As part of the FSB’s strategy to address financial stability concerns associated with shadow banking and transform it into resilient market-based finance, the FSB has been conducting an annual system-wide monitoring to track developments in the shadow banking system. The monitoring exercise adopts the activity-based “economic function” approach where authorities narrow the focus to those parts of the non-bank financial sector where financial stability risks from shadow banking (such as maturity/liquidity mismatches and leverage) may arise and may need appropriate policy responses to mitigate these risks. While further refinements are needed going forward, the 2016 exercise deepened the analysis of this activity-based narrow measure of shadow banking by looking at its components and the potential risks in more detail.
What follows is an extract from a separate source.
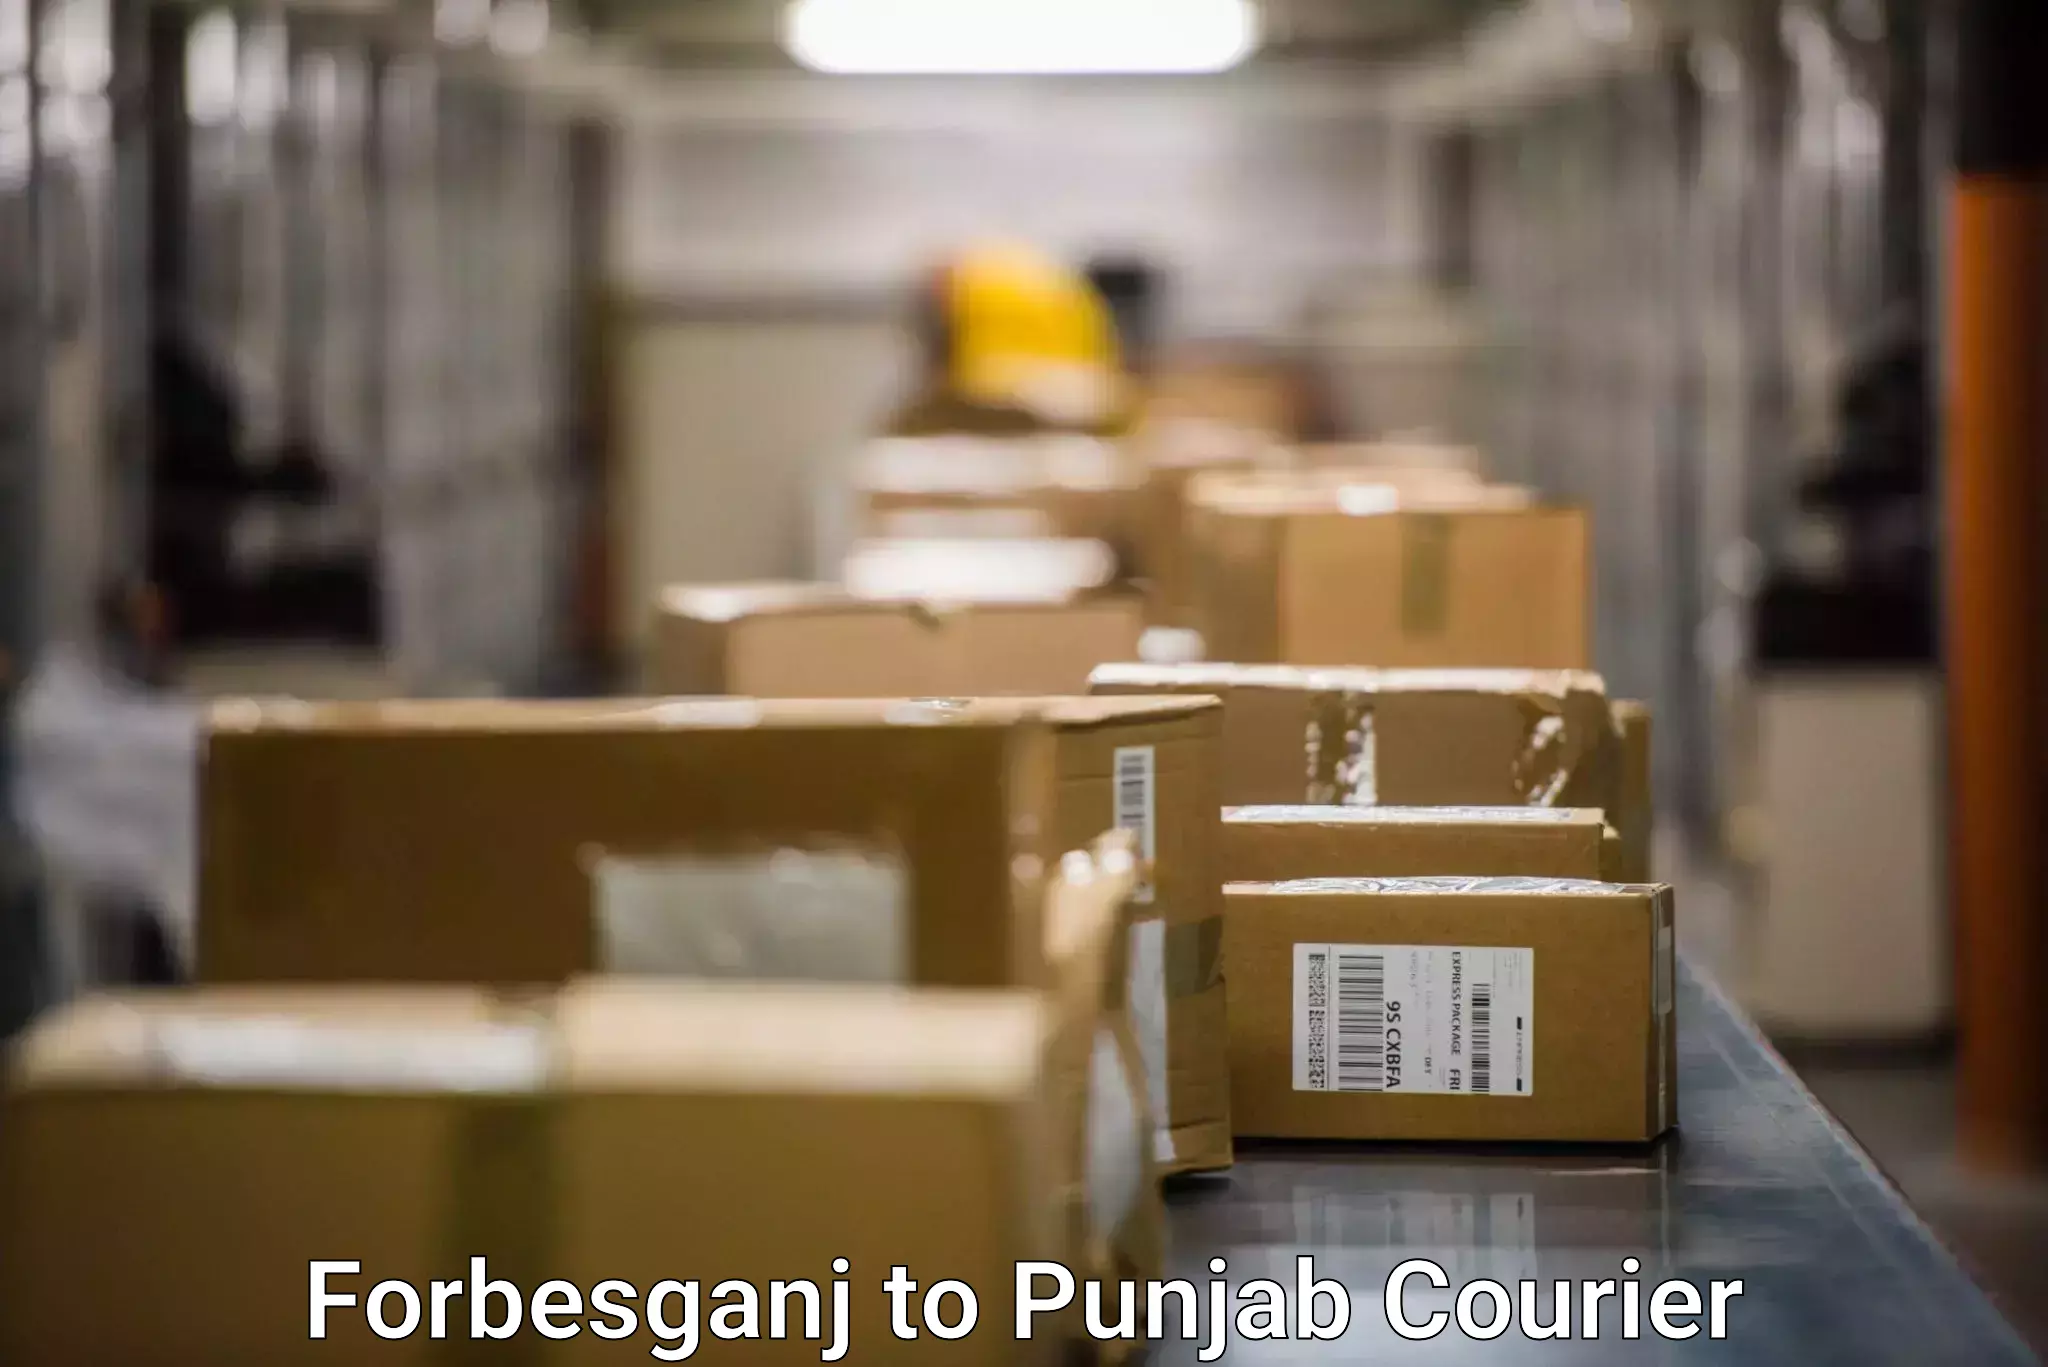 Advanced delivery network Forbesganj to Ludhiana

The main findings from the 2016 exercise are as follows:
- The activity-based, narrow measure of shadow banking was $34 trillion in 2015, increasing by 3.2% compared to the prior year, and equivalent to 13% of total financial system assets and 70% of GDP of these jurisdictions.
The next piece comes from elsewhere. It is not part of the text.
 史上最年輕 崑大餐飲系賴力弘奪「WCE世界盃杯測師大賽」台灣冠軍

- Credit intermediation associated with collective investment vehicles (CIVs) comprised 65% of the narrow measure of shadow banking and has grown by around 10% on average over the past four years. The considerable growth of CIVs in recent years has been accompanied by liquidity and maturity transformation, and in the case of jurisdictions that reported hedge funds, relatively high level of leverage.
- Non-bank financial entities engaging in loan provision that are dependent on short-term funding or secured funding of client assets, such as finance companies, represent 8% of the narrow measure, and grew by 2.5% in 2015. In at least some jurisdictions, finance companies tended to have relatively high leverage and maturity transformation, which makes them relatively more susceptible to rollover risk during periods of market stress.
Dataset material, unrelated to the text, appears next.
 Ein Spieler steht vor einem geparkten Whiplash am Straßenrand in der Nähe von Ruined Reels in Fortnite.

- In 2015, the wider aggregate comprising “Other Financial Intermediaries” (OFIs) in 21 jurisdictions and the euro area grew to $92 trillion, from $89 trillion in 2014. OFIs grew quicker than GDP in most jurisdictions, particularly in emerging market economies.
The 2016 exercise also collected new data to measure interconnectedness among the bank and the non-bank financial sectors and to assess the trends of short-term wholesale funding, including repurchase agreements (repos). While the data availability needs to be improved, the data collected suggested that on an aggregated basis, both banks’ credit exposures to and funding from OFIs have continued to decline in 2015, although they remain above the levels before the 2007-09 financial crisis.
Australia is in the middle of the pack, in terms of percent of total financial assets. The US had the largest shadow banking sector, with $13.8 trillion in 2015, representing 40% of the total shadow banking sector reported by the 27 jurisdictions. The Cayman Islands reported the second largest shadow banking sector, amounting to $4.3 trillion, followed by Japan ($3.2 trillion), and Ireland ($2.2 trillion).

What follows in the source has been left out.